=== Recorded data ===
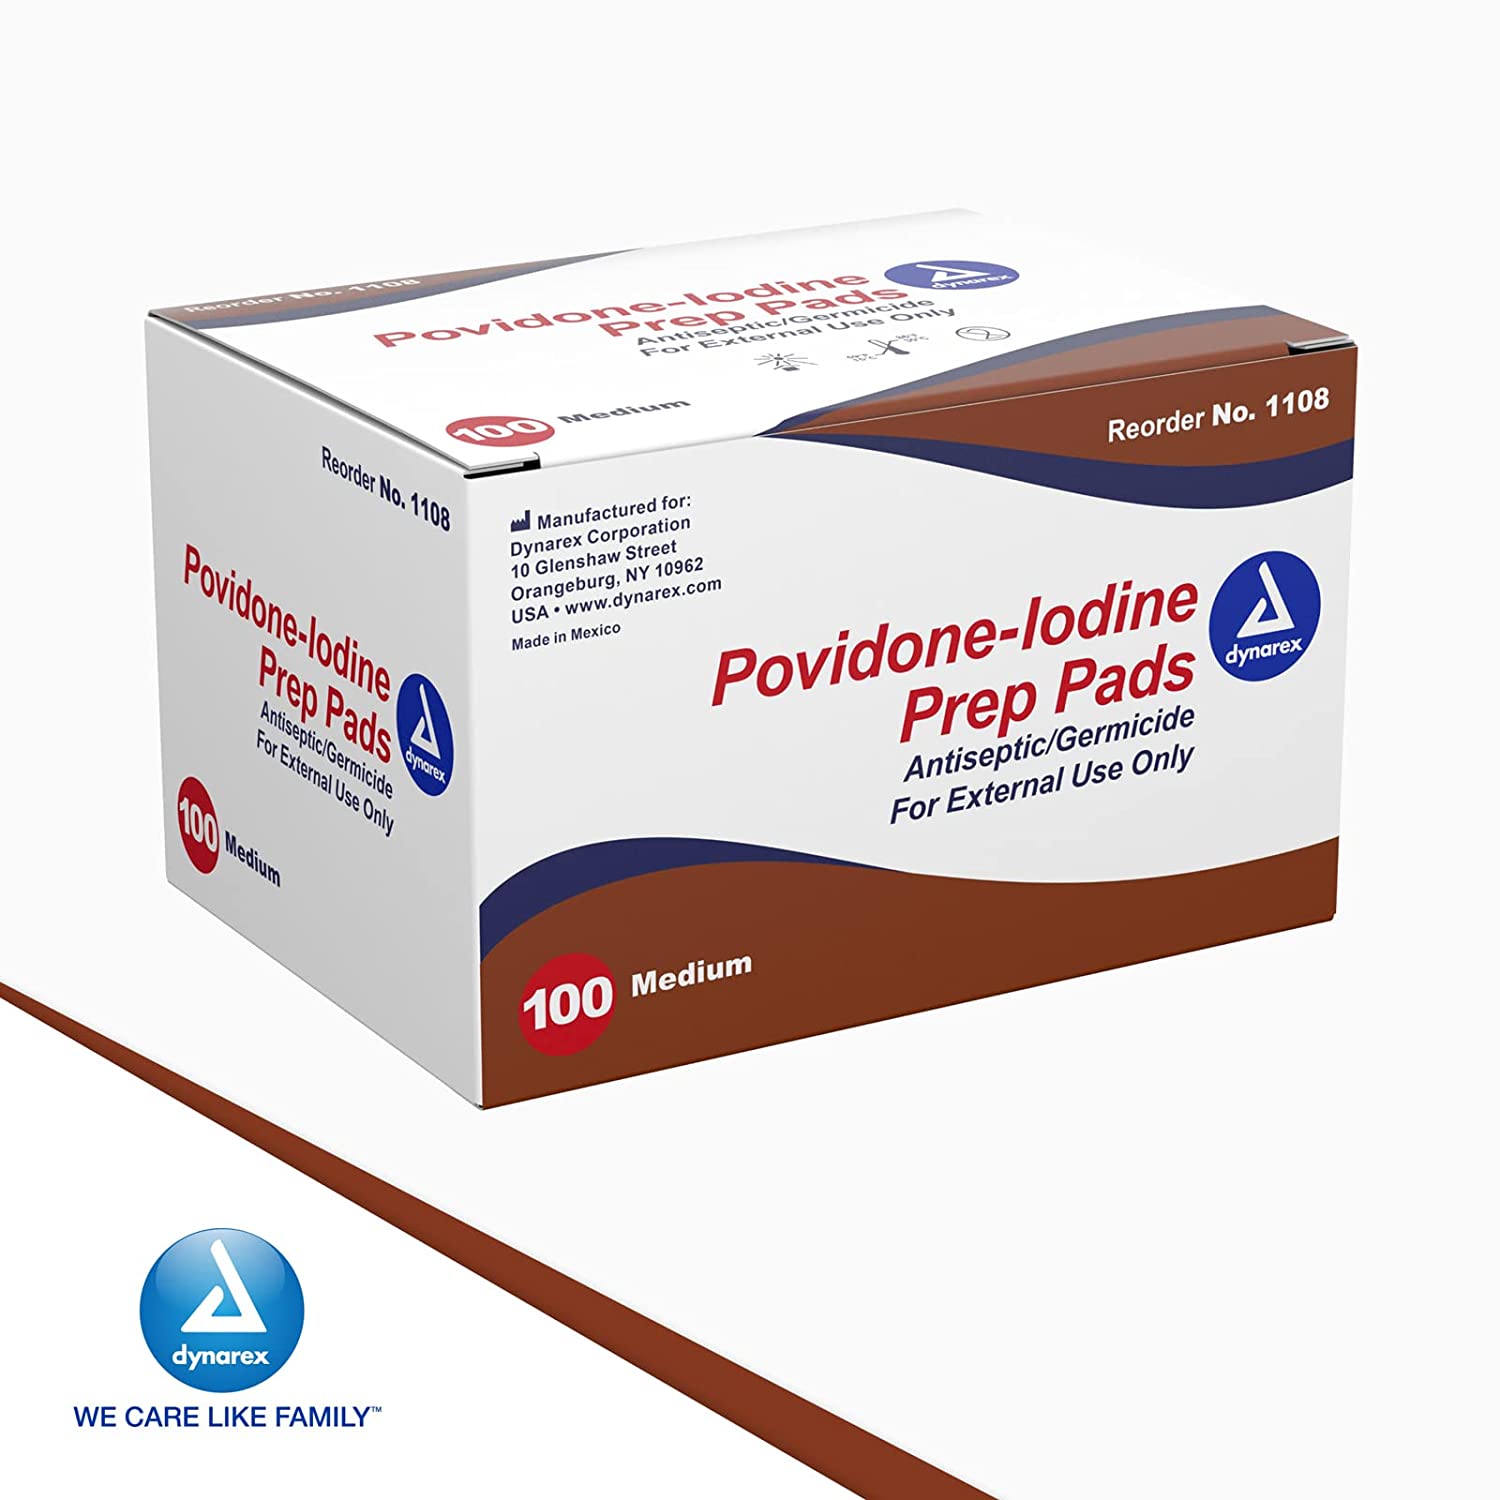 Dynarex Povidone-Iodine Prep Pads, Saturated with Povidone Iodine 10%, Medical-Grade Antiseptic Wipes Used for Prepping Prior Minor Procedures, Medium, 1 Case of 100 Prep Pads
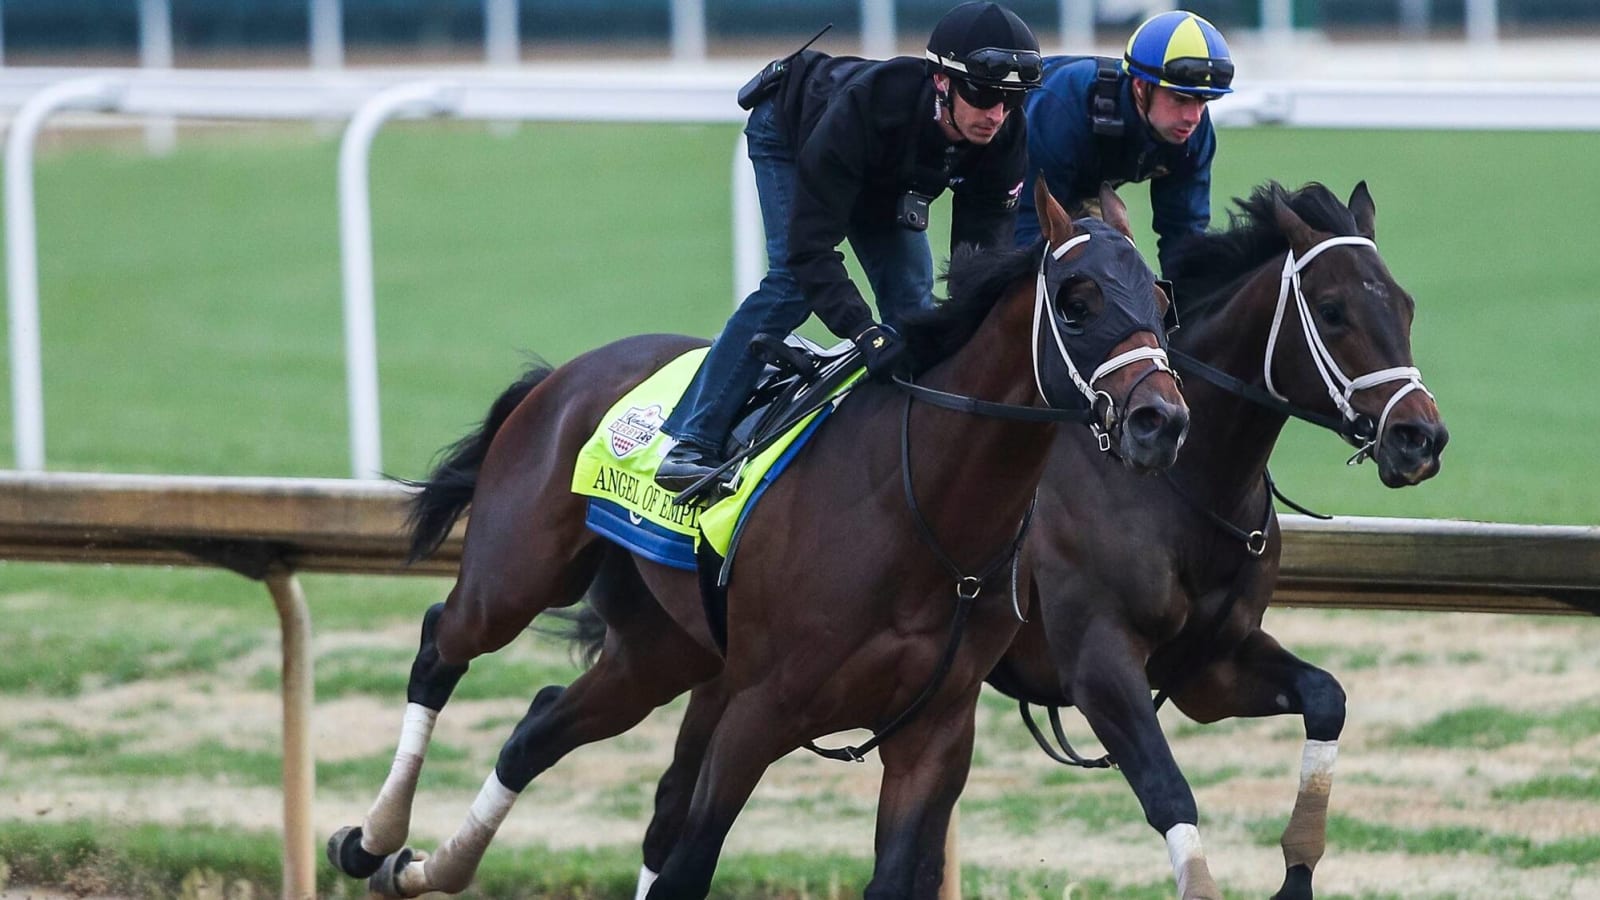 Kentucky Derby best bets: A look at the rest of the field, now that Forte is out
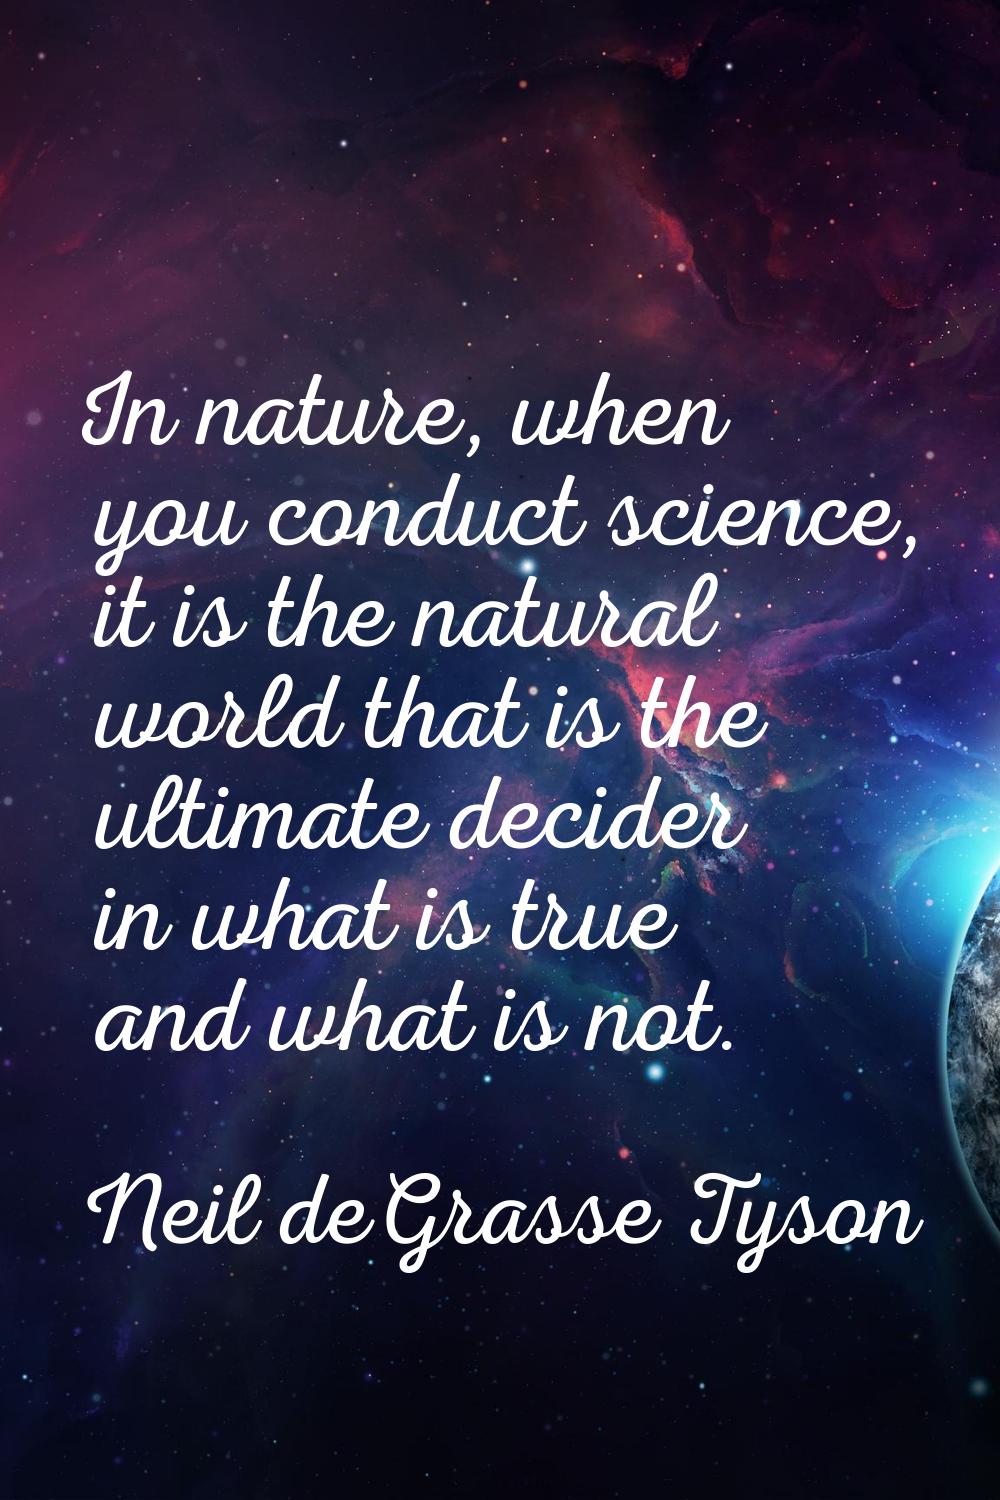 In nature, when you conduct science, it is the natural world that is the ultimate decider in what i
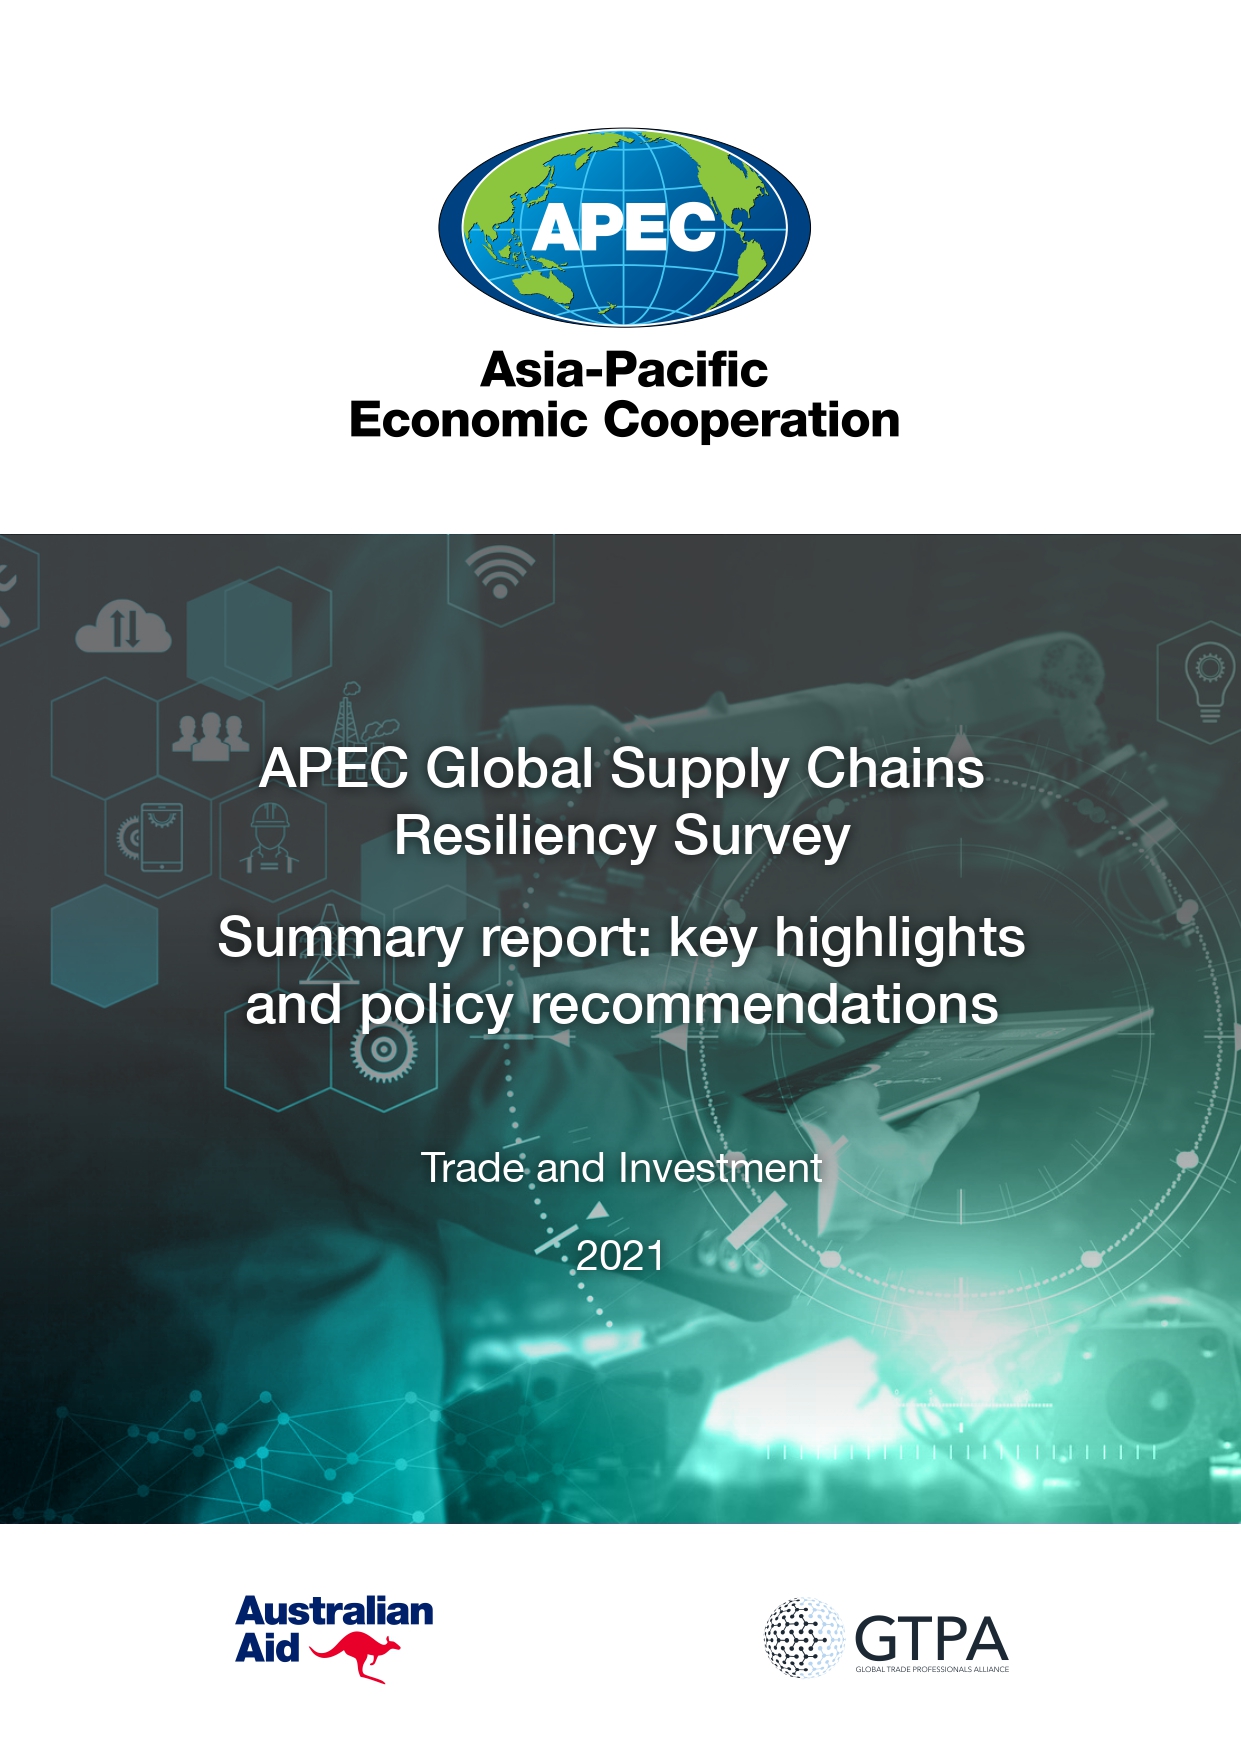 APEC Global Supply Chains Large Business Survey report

=== Work to be completed ===
Return the listing above word for word, with the pictures removed.

=== Worked solution ===
 Dynarex Povidone-Iodine Prep Pads, Saturated with Povidone Iodine 10%, Medical-Grade Antiseptic Wipes Used for Prepping Prior Minor Procedures, Medium, 1 Case of 100 Prep Pads
 Kentucky Derby best bets: A look at the rest of the field, now that Forte is out
 In nature, when you conduct science, it is the natural world that is the ultimate decider in what i
 APEC Global Supply Chains Large Business Survey report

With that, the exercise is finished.